Прошло две недели. Баба Маня выписалась из больницы, я её привезла домой. Дед выскочил её встречать к калитке. Не успела баба Маня выйти из машины, как мы увидели деда Саню, который на всех парах семенил к их дому. Баба Маня остановилась, поджидая его. Дед Саня подбежал и, запыхавшись, спросил:

– Манечка! Ты как? Выздоровела?

– Саня! Тебе чё за дело? Да, выздоровела.

– Так я испереживалси тута без тебя.

– Саня, сейчас Трохвим схватить свою оглоблю и будете опять бегать по улице дружка за дружкой, как дети.

– Мань, да твой Трохвим меня ишшо ни разу не догнал, слабак!

– Знашь чё, Саня, иди отседова, чёбы тебя мои глаза не видели, не догнал значитца – не хотел!

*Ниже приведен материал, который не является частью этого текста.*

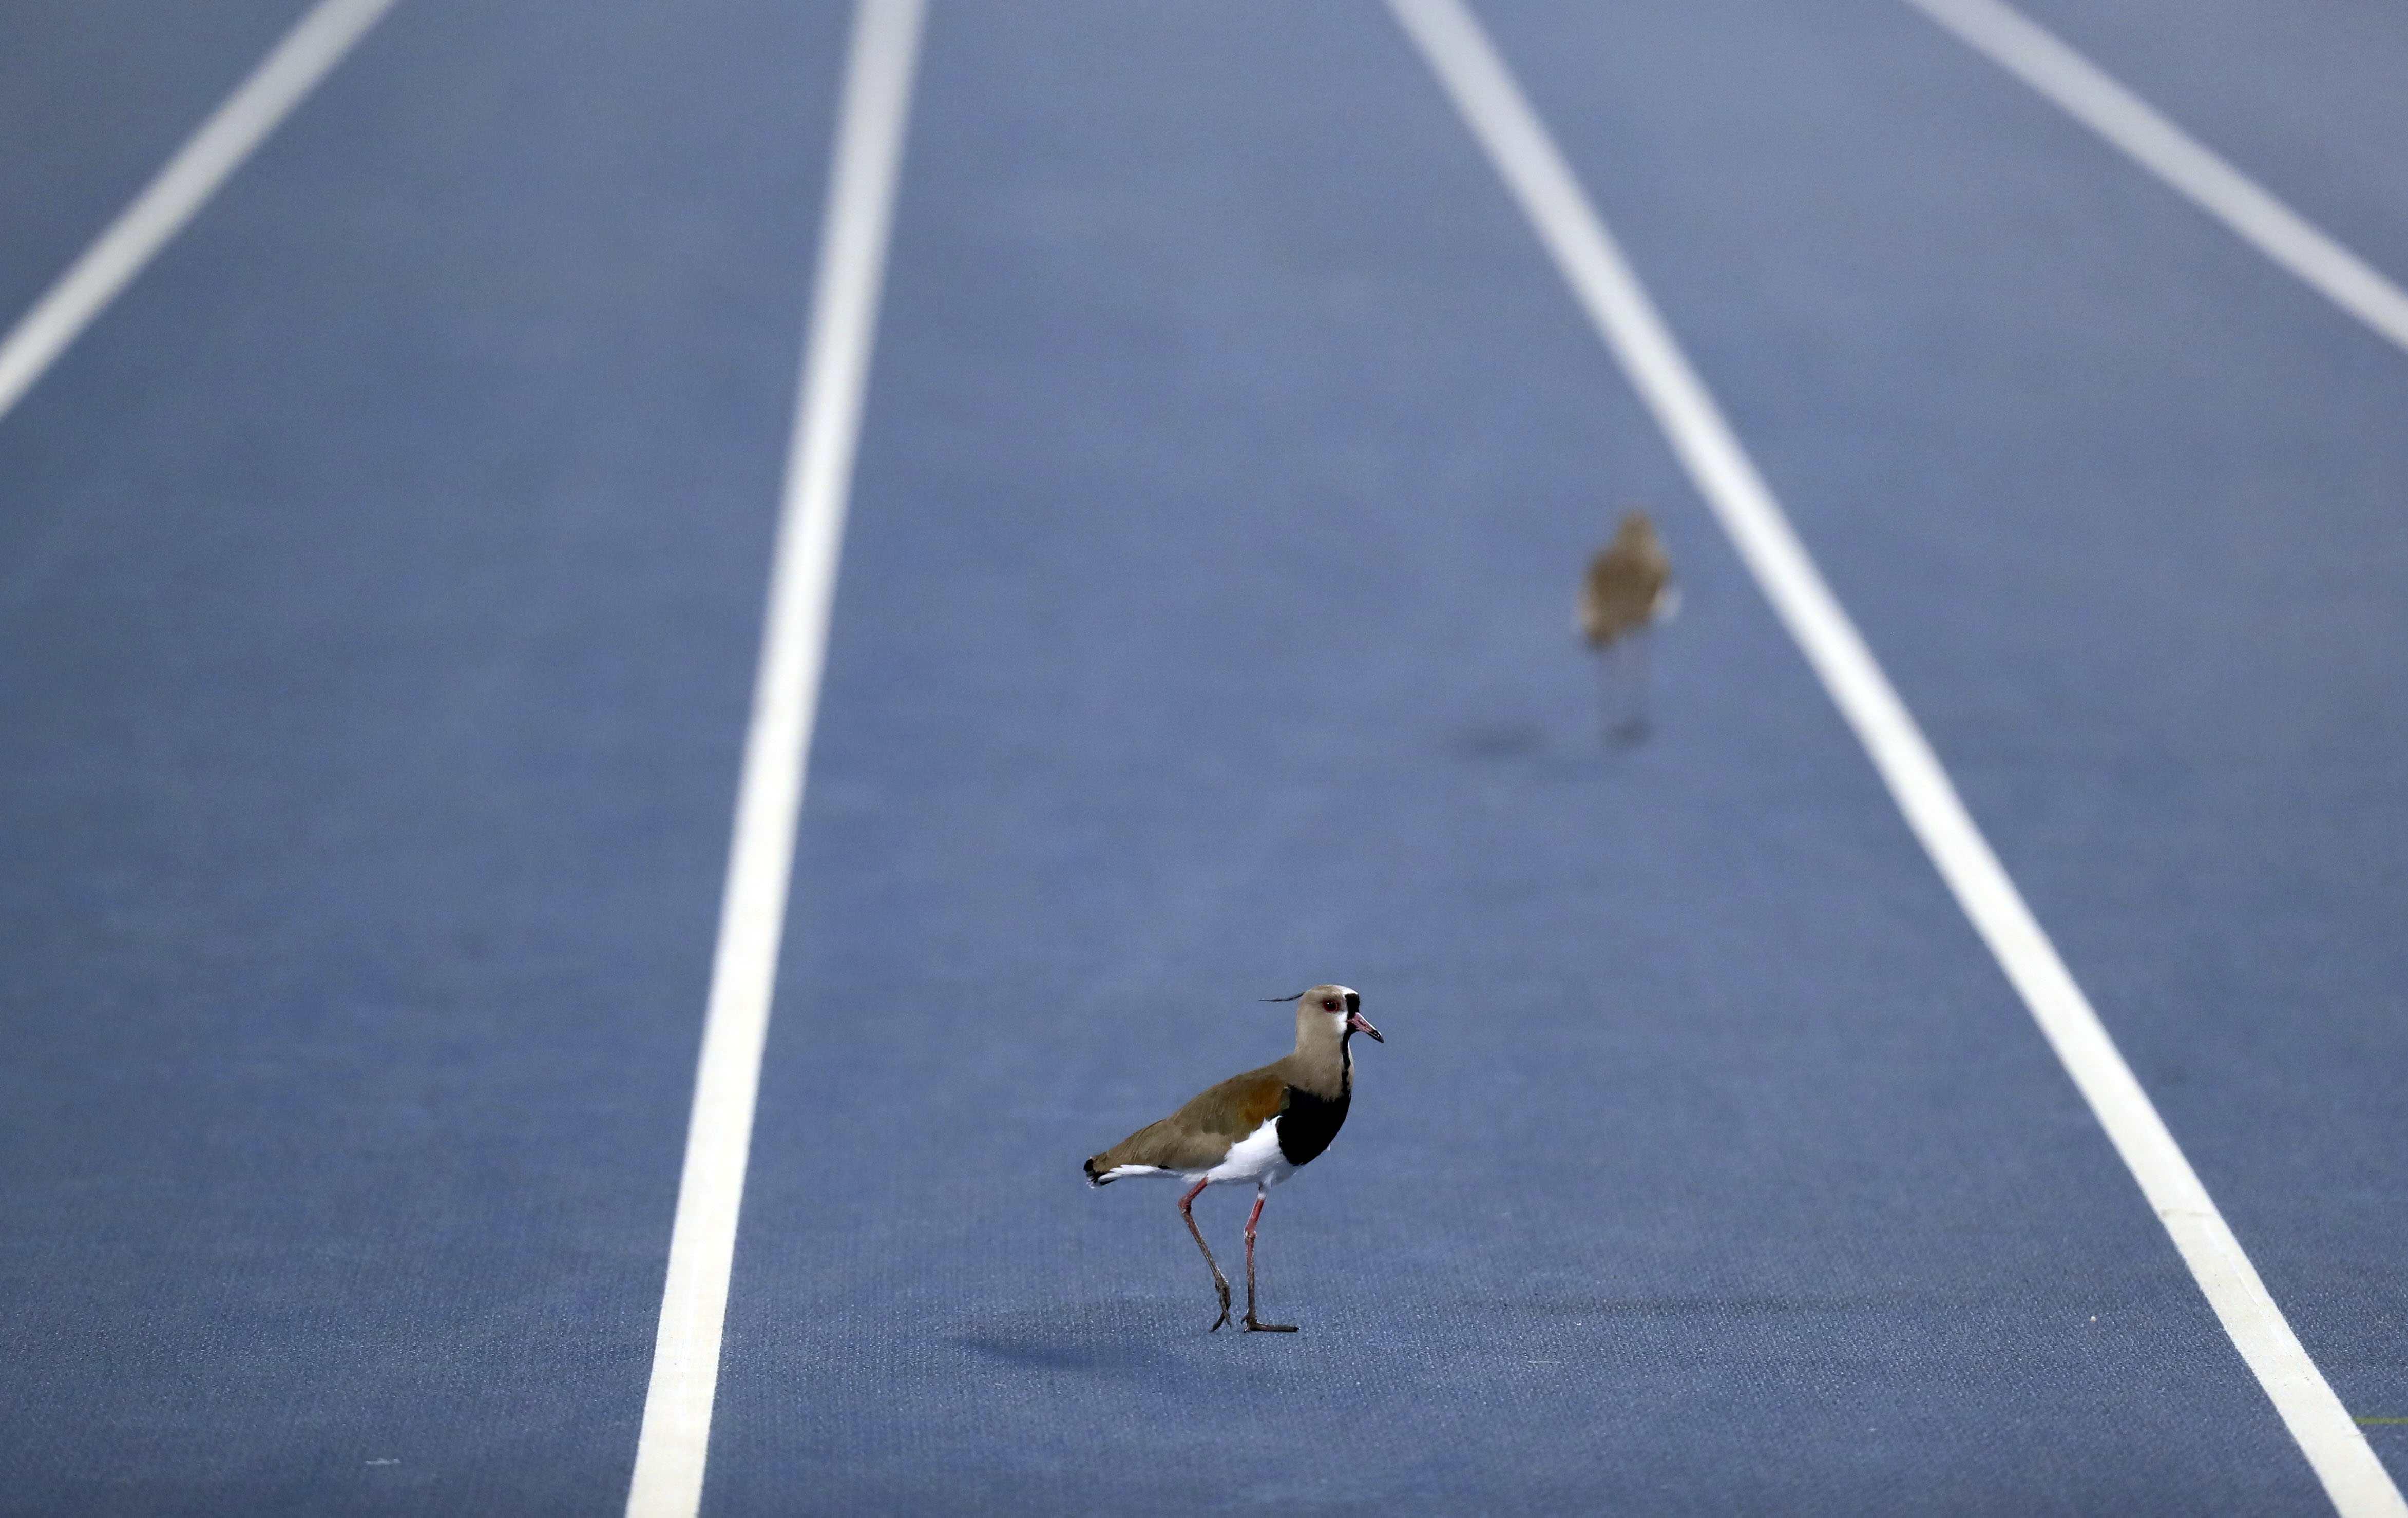 Birds on a track during the 2016 Rio Olympics, Men's High Jump Final in Rio de Janeiro, Brazil, on Aug. 16, 2016.

Дед Трофим стоял у калитки и на удивление спокойно реагировал на слова Санька, а, когда услышал, что его ненаглядная «старая» встала на его защиту и прогнала его недруга, он приободрился и молодцом выскочил из калитки, чтобы встретить свою любимую бабку. Дед бережно взял её под локоток и повёл в дом. Я посмотрела им вслед и позавидовала им, по-хорошему.

***

Нина с дочкой приехали без предупреждения. Дед пошёл к колодцу за свежей водой и увидел подходящих к их двору двух женщин. Он остановился и стал смотреть из-под руки, кто это пожаловал в их деревню. Когда приезжие подошли ближе, сердце у него оборвалось и покатилось в пятки, а ноги как-то сразу ослабли. Он смотрел на молодых женщин, а сердце больно билось о рёбра. Когда они подошли ближе, остановились, старшая, посмотрев на деда у колодца, поставила свой чемодан и пошла навстречу деду, который бросив ведро на негнущихся ногах уже шёл в их сторону. Приблизившись к женщинам, дед остановился, опустив руки и рассматривая дочь, а она кинулась ему на шею.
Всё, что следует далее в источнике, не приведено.